First we recorded it with Serrat in a recording studio to promote the album, and as Serrat said he wanted to sing in Catalan and they told him no, they called Massiel who was in Mexico and he came to record it. We had to record it again because it was a different tone. And then there, in London, there were rehearsals with the orchestra every day at 5 because they had to test lights and sound. We rehearsed it many times.

What did it mean for you to win Eurovision in 1968?

Very well. At that time she had long hair like Massiel and when we went out they took me on the shoulders instead of her. We left the Dynamic Duo and the three of the choir, and a little girl on her knees told me: Please, Massiel, and I told her: That I'm not. Massiel stayed very sprawled in the dressing room to wait for the final apotheosis and the one they took on the shoulders was me. They confused us there, one day at a rehearsal a Portuguese man came and asked me if he could do an interview for me, I said: Yes, okay, I'll talk to my classmates and you do it for us, and he says: No, not your classmates, just you , I say well okay, he says goodbye and tells me: Thank you very much Massiel, and I say: Che, wait a minute, I'm not Massiel. She got confused, since we both had long hair (Laughs)

Massiel's victory at the Festival was the subject of accusations about a possible purchase of votes by the Franco regime. Was this true?

I have no idea, we were walking around London, but we were going at that time as a Francoist or anything because the director of TVE at that time was Adolfo Suárez, who later became President of the Government. I didn't even see movement, we weren't in the big sphere let's say. But come on, that's a rotten lie. Fraga Iribarne, who was the tourist at the time, gave us a dinner after returning from London, but nobody there said anything about Franco. They made it up, or at least I didn't see anything.

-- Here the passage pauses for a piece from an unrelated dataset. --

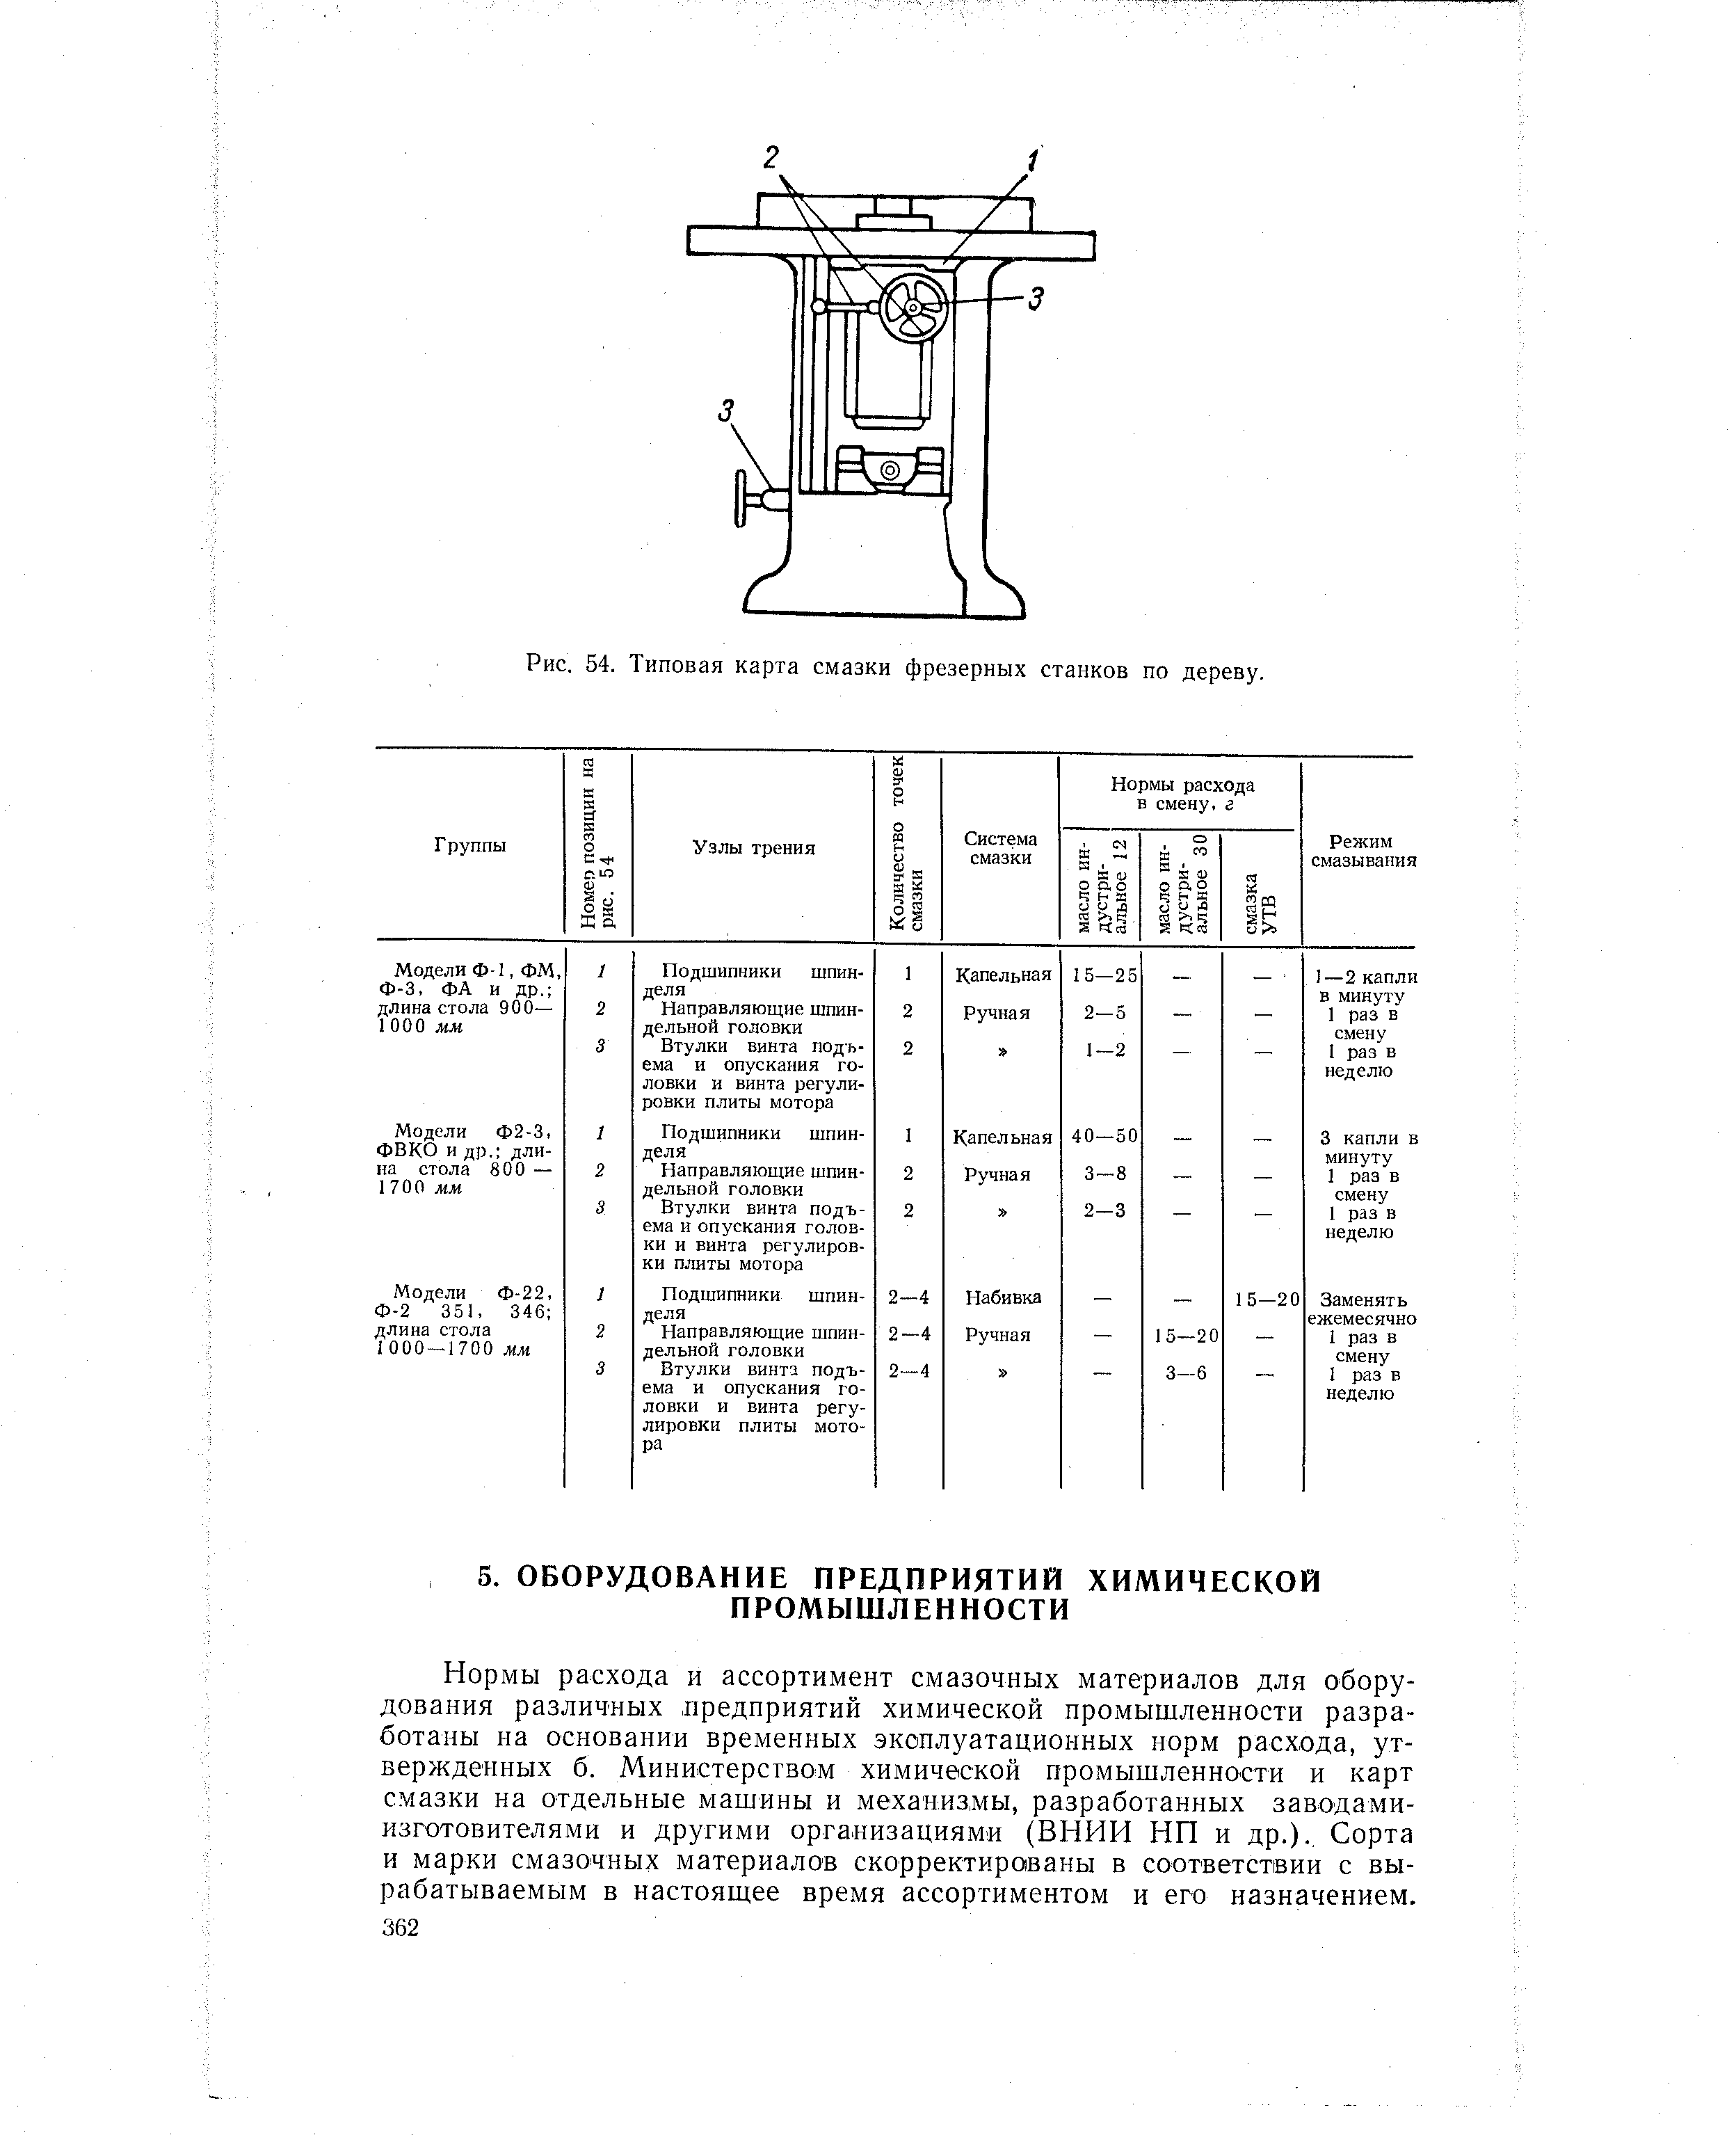 Рис. 54. Типовая карта смазки фрезерных станков по дереву.
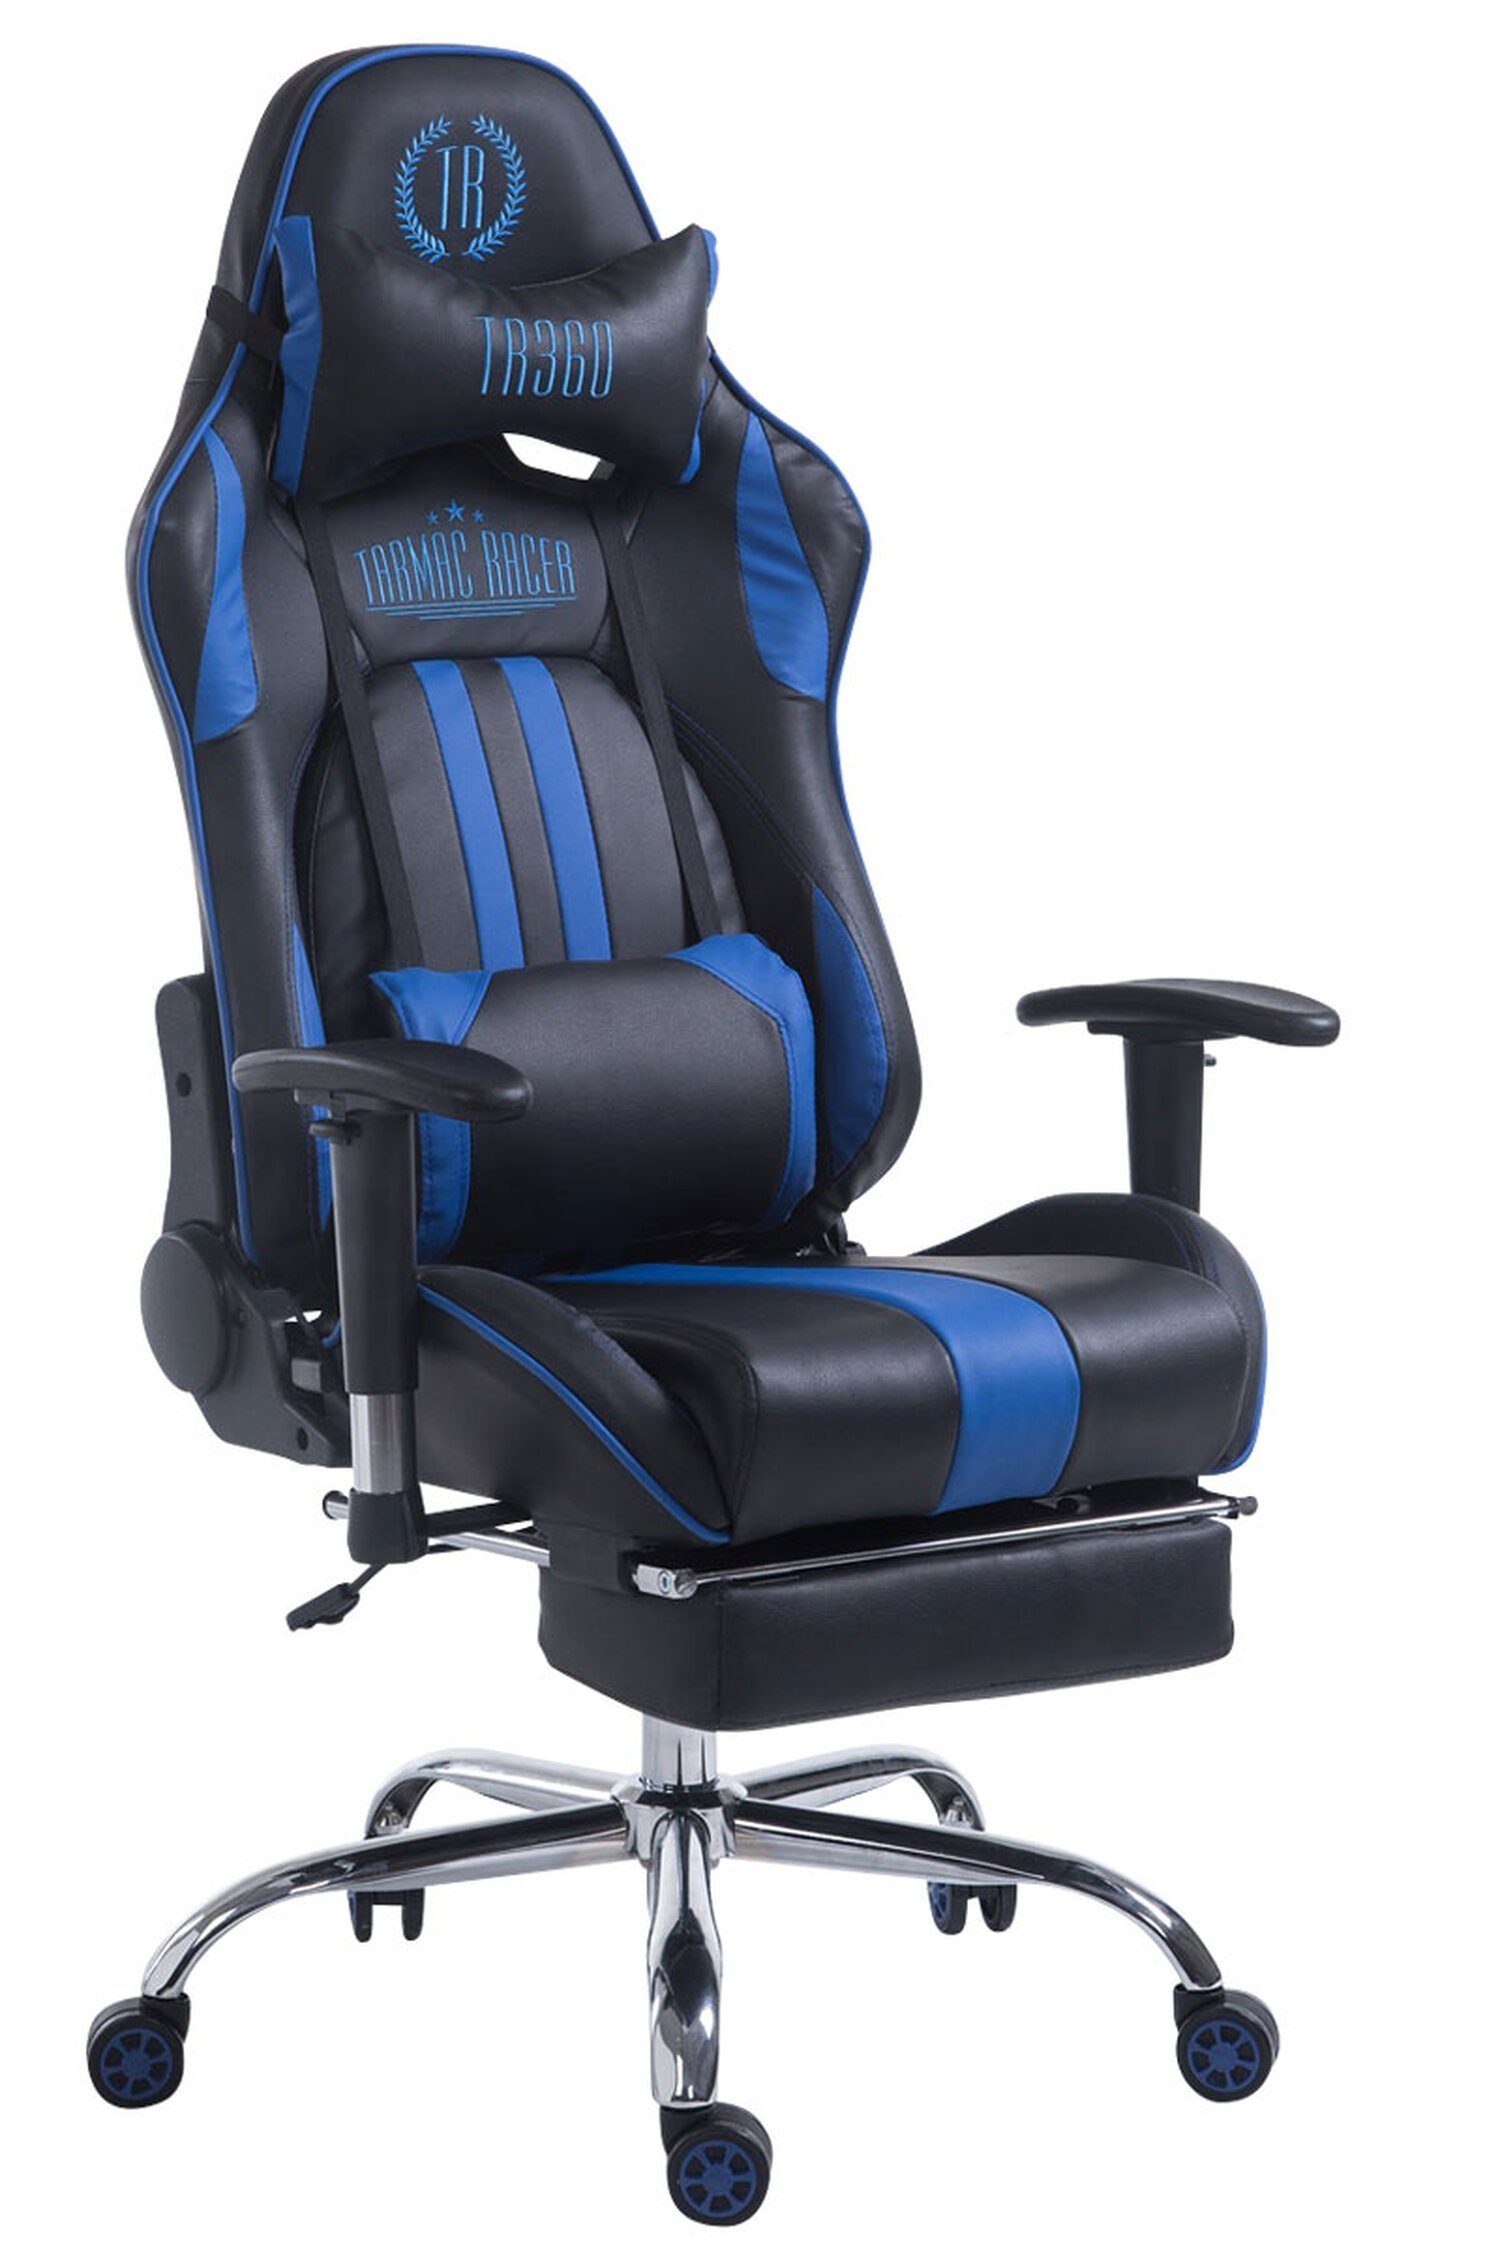 TPFLiving Gaming-Stuhl Limitless mit bequemer Rückenlehne - höhenverstellbar und 360° drehbar (Schreibtischstuhl, Drehstuhl, Gamingstuhl, Racingstuhl, Chefsessel), Gestell: Metall chrom - Sitzfläche: Kunstleder schwarz/blau

Mercedes posing in her hometown. PHOTO: MANU GARCIA

He spent half the 1970s on the Eurovision stage, with Julio Iglesias in 1970, with Karina in 1971, with Sergio and Estíbaliz in 1975, and with José Vélez in 1978. What was it like dealing with the best-known stars of the time? ?

I've sung with everyone, we recorded with everyone, I remember all the singers with great affection. We spent three years traveling with Julio Iglesias, we had a very good feeling, the boy was a chestnut when he started and I told him: Julito, how heavy you are. I'm very funny and I told her: If you behave badly, I'll put you out of tune in the choir, wing. We were friends, we were together all day, it seems that he banged everyone he met along the way, but I didn't see him. The last thing I sang with him live was at the Seville Expo with Plácido Domingo. That was when the ETA kidnapped his father and in his dressing room there were policemen guarding him in case something happened to him. I went with my son and they wouldn't let me pass, so he went by there and put us in, and he told my son: I'm not your father because your mother didn't want to. Lifelong friends. When Nino Bravo was killed we were going to travel with him that summer, I have recorded all his albums, he was a singer who was a pleasure to listen to. I remember that time that he will not return with great affection. I had the great fortune of dedicating myself to what I liked the most, and also earning money.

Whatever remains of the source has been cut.